- ServiceNow announced a $1.5 billion buyback plan that has shares moving higher.
- The buybacks are intended to offset dilutive activities and leave plenty of cash flow for growth.
- Analysts are boosting their targets and may drive this market into reversal.
- 5 stocks we like better than ServiceNow
ServiceNow NASDAQ: NOW surprised the market when it announced a massive share repurchase authorization. The authorization was announced at the shareholder event and is worth $1.5 billion. That’s worth more than 1.5% of the market cap and is intended to offset the impact of future dilution related to equity grants and employee stock purchases. The best part is that repurchases come from free cash flow and are insufficient to offset the growth outlook. ServiceNow, like all cloud computing companies, is a growth company that requires ample cash to fund development and expansion.

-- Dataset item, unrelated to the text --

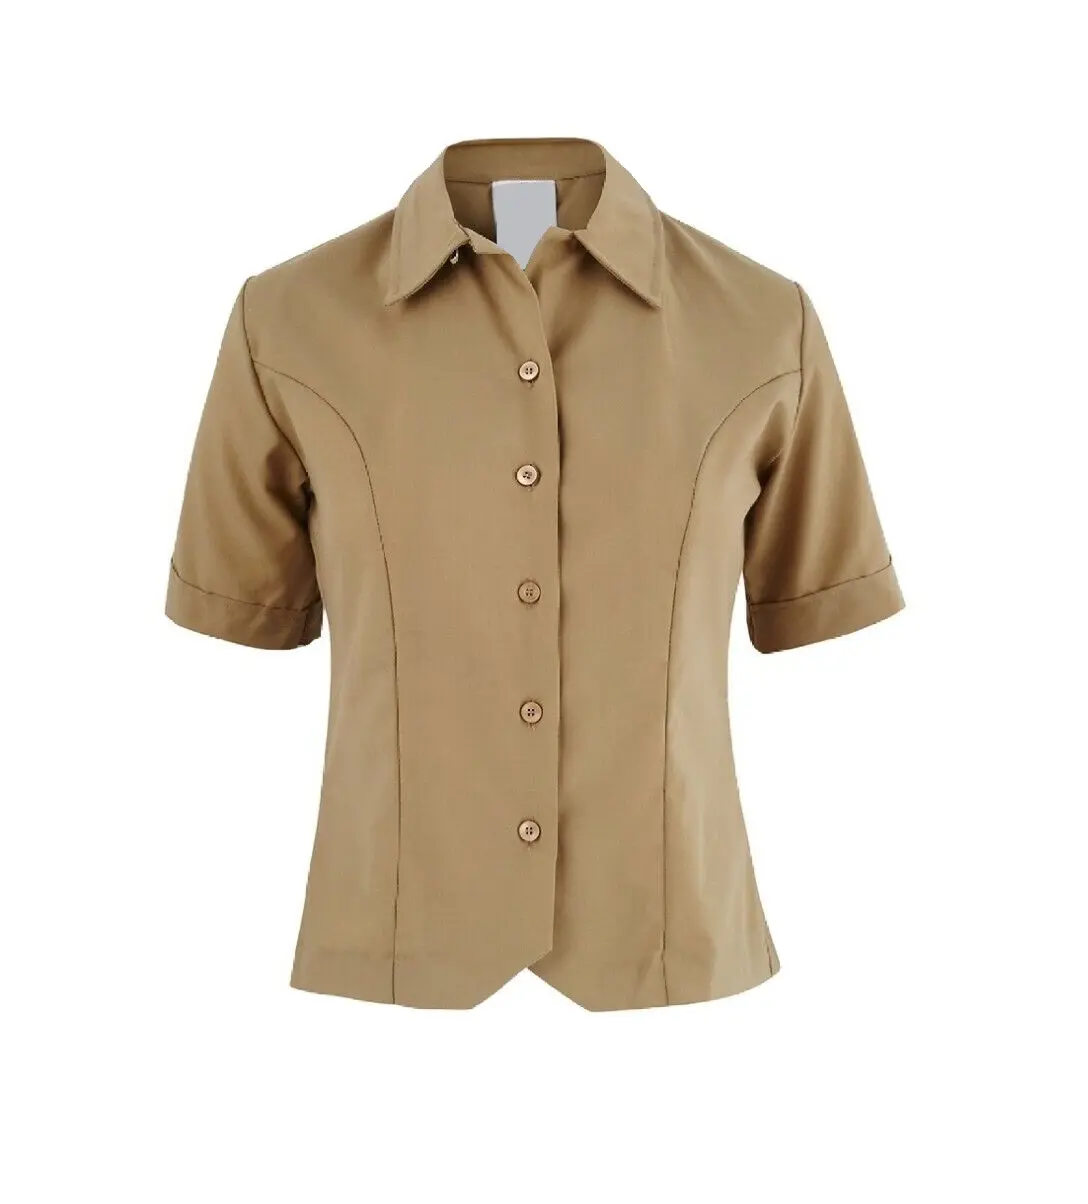 Рубашка цвета хаки с коротким рукавом женская официантка Рабочая форма простая Рабочая форма для чистки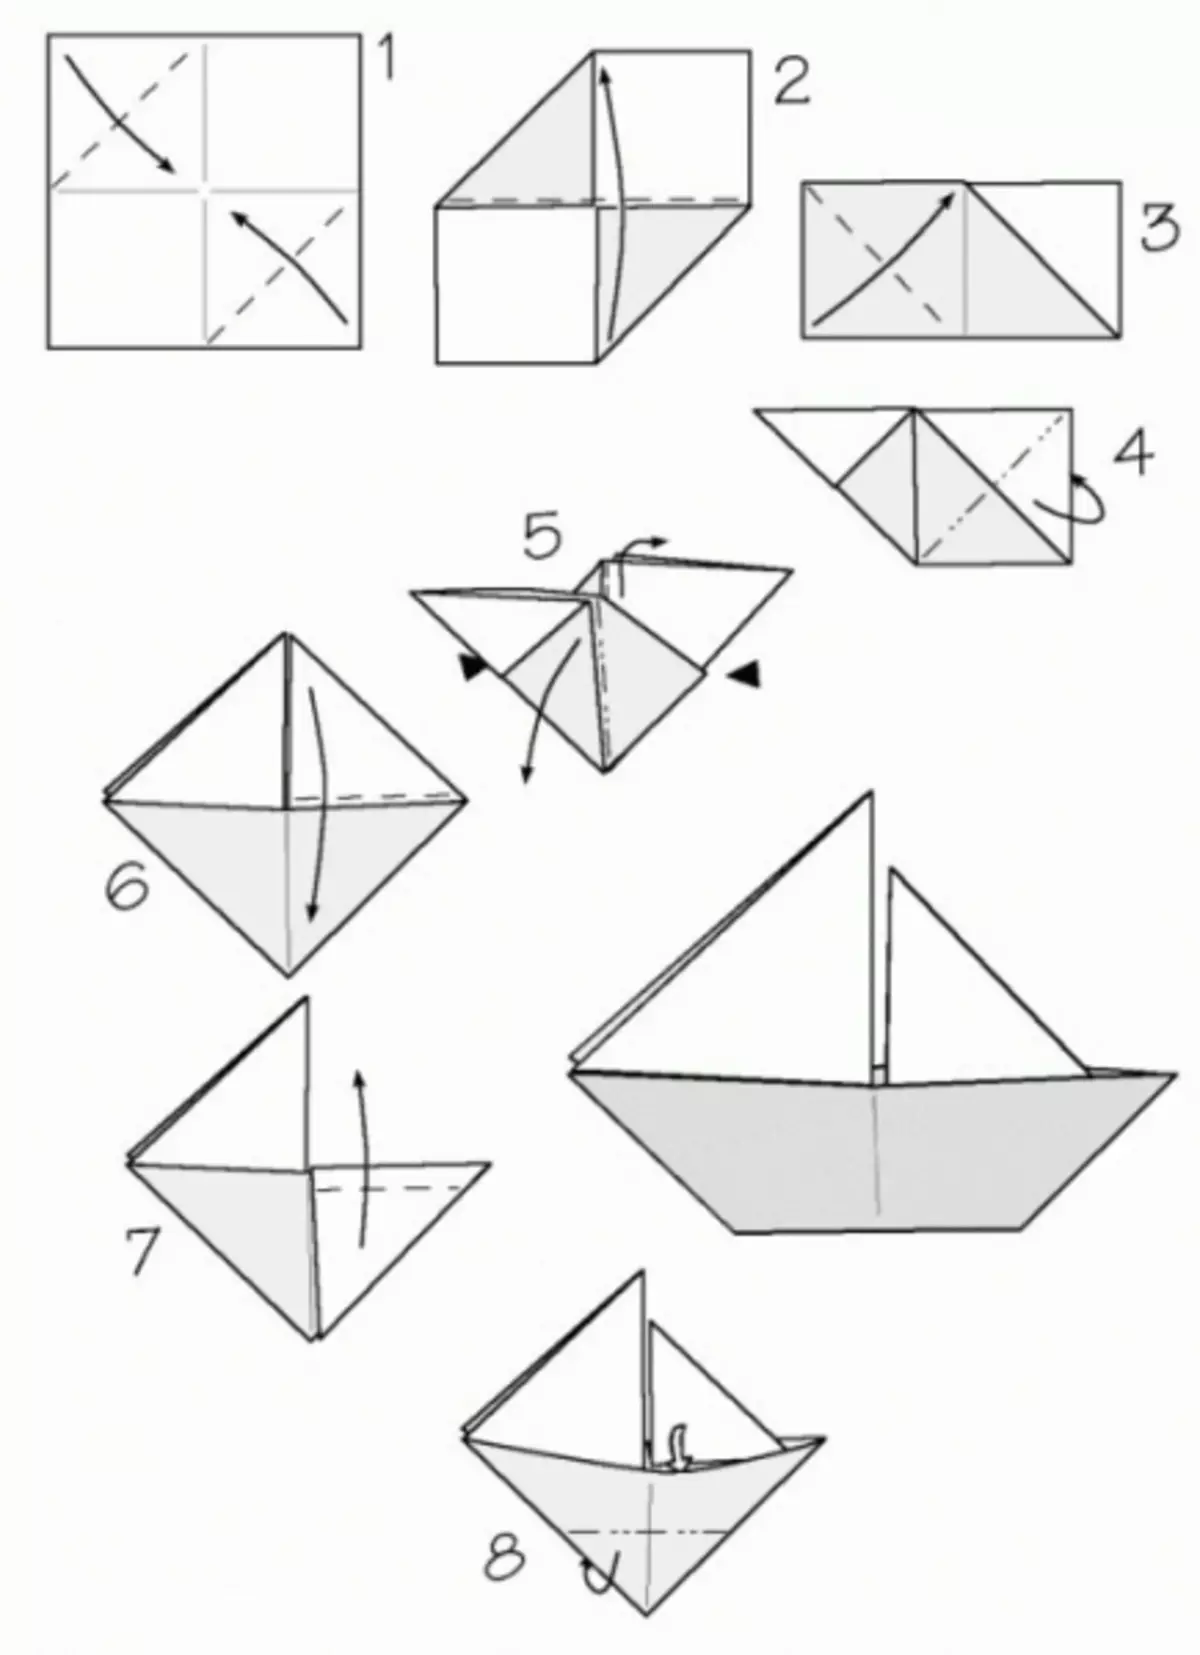 Кораблик из бумаги схема складывания

“Given the current macro environment and our strong cash flow generation, we believe that using a portion of our free cash flow to manage dilution is a strategic use of capital," NOW CFO Gina Mastantuono.
The Analysts Raise Their Targets For ServiceNow
The analysts were bullish on ServiceNow before the announcement and are raising their price targets now. The news sparked at least 4 price target increases with the stock trading range of $510 to $560. The midpoint of the range and average of the new targets is above the Marketbeat.com consensus target, leading the market higher. This activity comes just weeks after the Q1 earnings release, a release that triggered several price target increases and an upgrade to Neutral from Sell by BNP Paribas.
The Q1 results were strong and pointed to additional strength later in the year. The company beat on the top and bottom lines and guided the market higher on the increase in large contracts. This is not surprising given the shift toward digitization and cloud-based services shown by other cloud-computing companies, and it may not be the last time guidance is raised this year.
Among the avenues for growth available to ServiceNow is AI. The company is expected to enhance its offerings with AI-powered services as soon as this year, which could aid its internal efficiency and clients—the firm plans to use OpenAI and Microsoft Azure capabilities to further that end.
The Institutional Tide Is Shifting For ServiceNow
Institutional selling was vigorous in 2022, with sales outpacing purchases by more than 3:1. The pace of activity has slowed from the peak and shifted in favor of the bulls, with buyers outpacing the sellers by a slim margin in calendar Q1 and activity roughly equal in Q2. This shift can be seen in the chart, which shows a bottom. Assuming this trend continues, the stock could easily complete a reversal. This was foreshadowed by price action following the Q1 release. Regarding the insiders, the insiders have only been selling their shares, but the activity is light, spread among a broad array of executives, and consistent with share-based compensation.
The chart is favorable. Price action is up roughly 5% following the repurchase announcement and has the market at a critical resistance point. A sustained rally may form if the market can clear that point near $495. In that scenario, the stock could trend toward the analysts' $530 consensus target and set the stage for a more pronounced recovery. If not, this stock could be range-bound at current levels until Q2 and Q3 results are released later in the year.